I just stumbled across a kickin’ new (to me) log — GirlText. Elizabeth don’t brook shit from nobody; to me, the whole point of weblogs is to express yourself, and it’s great when I find a five-star site in that respect.
What a cool MetaBaby page. (Of course, since every MetaBaby page is world-editable, it may not be the same when you see it as when I did!)
Wow, is this cookie bug in Internet Explorer a biggie. Interestingly, the cookie isn’t available to IE in the HTTP header, only in Javascript on the page; nonetheless, no site would be looking to authenticate against the cookie, it would be looking to read sensitive information out of it, which would logically take place at the page level.
Slashdot is in the middle of proving that the anti-Microsoft bias of some members exerts quite a strong force on their actions, possibly to their great detriment. Someone went and posted the entire text of a copyrighted Microsoft document on Slashdot recently, and Microsoft responded with a very tactfully-worded letter demanding (under both standard copyright laws and the Digital Millenium Copyright Act) that the posting be removed. Slashdot is refusing to do so, apparently in major violation of the Act, and a controversy is ensuing. (Warning: Slashdot appears to be crushed under their own weight today; of course, there’s a MetaFilter thread about it, and there’s also a CNet News story with an amazingly slanted headline if you can’t get through to Slashdot.)

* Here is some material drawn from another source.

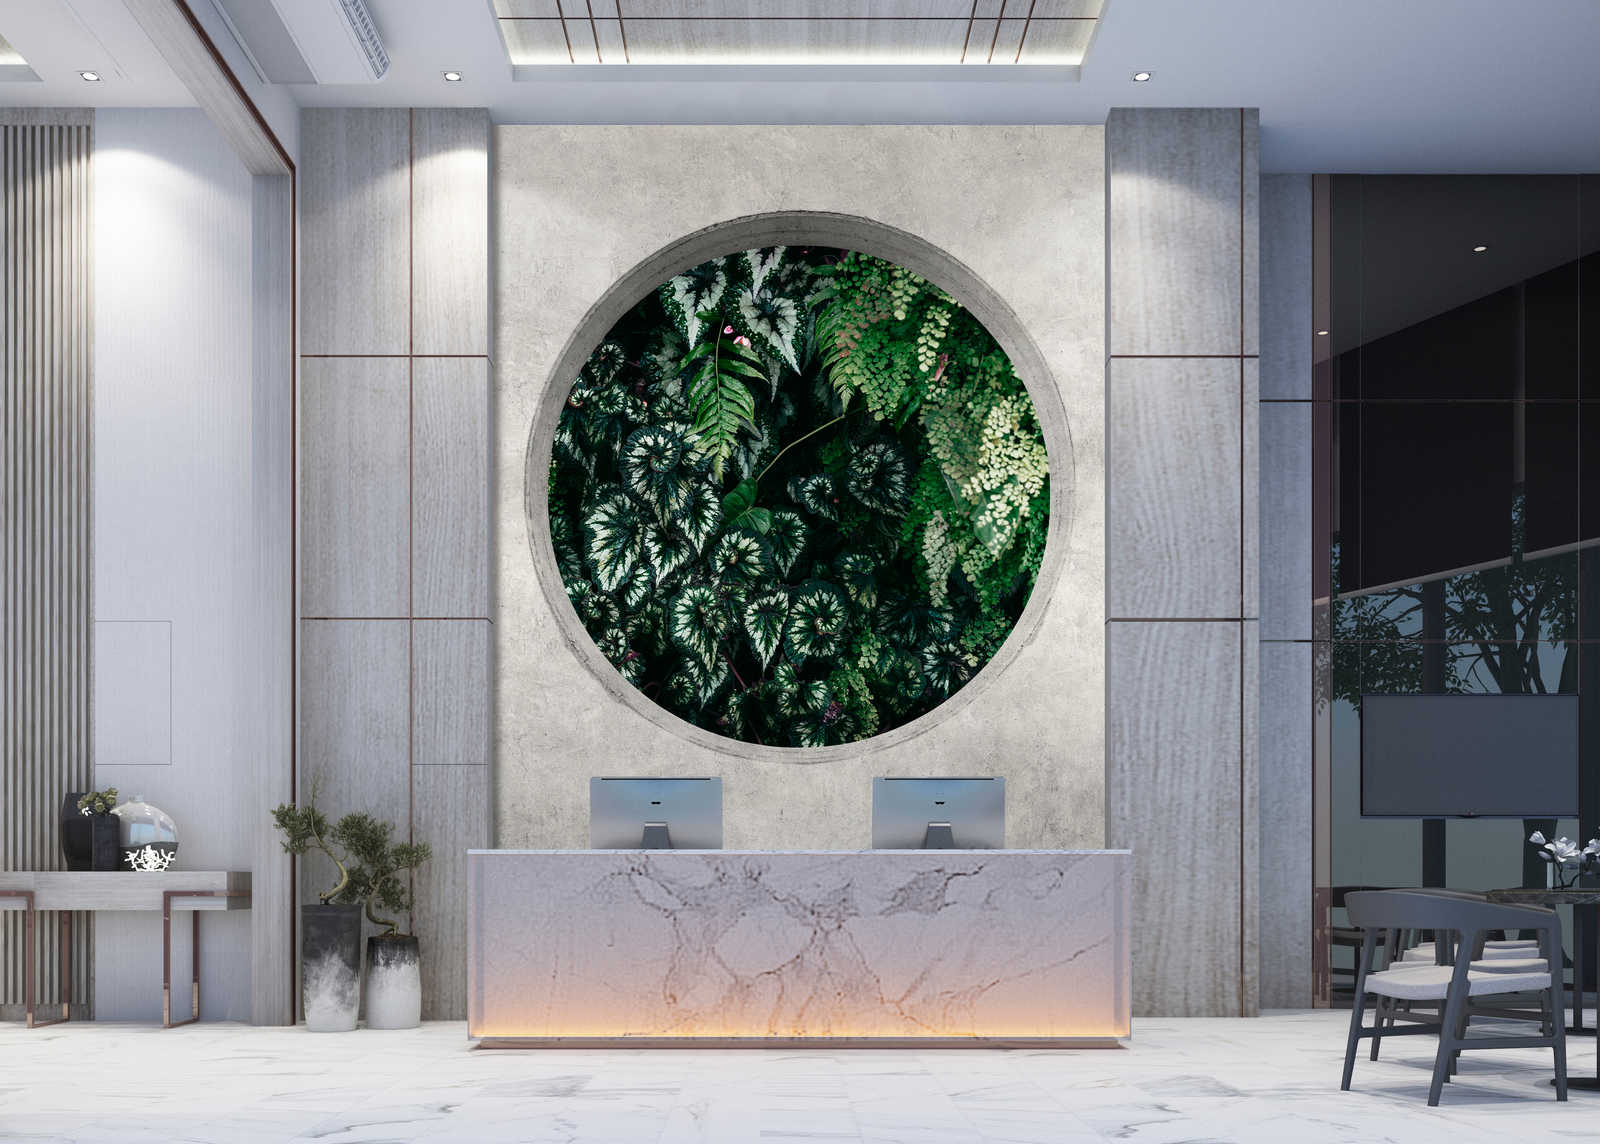             Deep Green 1 - Muurschildering raam rond met jungle planten

As I ask in the MetaFilter thread: why is it OK for Slashdot to violate someone’s copyright, but not OK for me to violate the GNU Public License? Also interesting, though, there’s another thread on Slashdot today about copyright and HTML, and strangely, nobody there has any problem with the rightful enforcement of copyright! Yet another case of situational ethics; it serves Slashdot’s purpose to hack another chink in Microsoft’s armor, even if it is illegal.
I really like the design of the fray. This week’s question (“What was your last flight like?”) is preceded with a short essay that’s illustrated with nice inside-the-plane-looking-out pictures; very calming.
Every week, Splorp has the available domain name of the week. Hurry up and grab ratcrap.com!
In honor of Elian’s hearing today, a few questions:
- Would all the people who hold Elian’s mother up as the paragon of heroism (for getting Elian to the shores of America) still feel that way if she had survived, and he had drowned to death? (Oh, of course, that’s where divine intervention and the holy dolphins come into play.)
- If people really feel that it would be unconscionable to send Elian back to Cuba, do they also feel that we should prevent Elian’s stepbrother (the infant in all the pictures) from returning to Cuba? How about all the kids that came over to play with Elian? Should we kidnap them all?
- If a tree fell in the forest and nobody was there to hear it, would Marisleysis still be the craziest woman this side of the Mississippi?
Roger Cossack, one of CNN’s law correspondents, has a pretty good column today, Who says a 6-year-old can make decisions for himself?. He raises a point I’ve been wondering about: the most the Eleventh Circuit can rule is that Elian does have the right to apply for asylum. That’s it. Then, the INS still has to establish that he is a candidate for asylum, which means an interview with him about his reasons for asylum. And, since it would have been established that Elian has the right to apply on his own, he would also have to justify the asylum application on his own — the two go together.
I wish that the link to Michael Moore’s latest column wasn’t coming up blank right now; among all the great observations, he has one that rings particularly true to me:
I looked at that now-famous photograph of the INS agent with the 9mm automatic in his hand as he demanded that Elian Gonzales be turned over, and I thought, “This guy is in a bunker full of crazed kidnappers who believe that Flipper is a member of the Holy Trinity, and all he has to defend himself and the boy is that dinky little gun?”
According to Stephen, the drug smugglers that I talked about yesterday are prime candidates for public beheadings in the United Arab Emirates.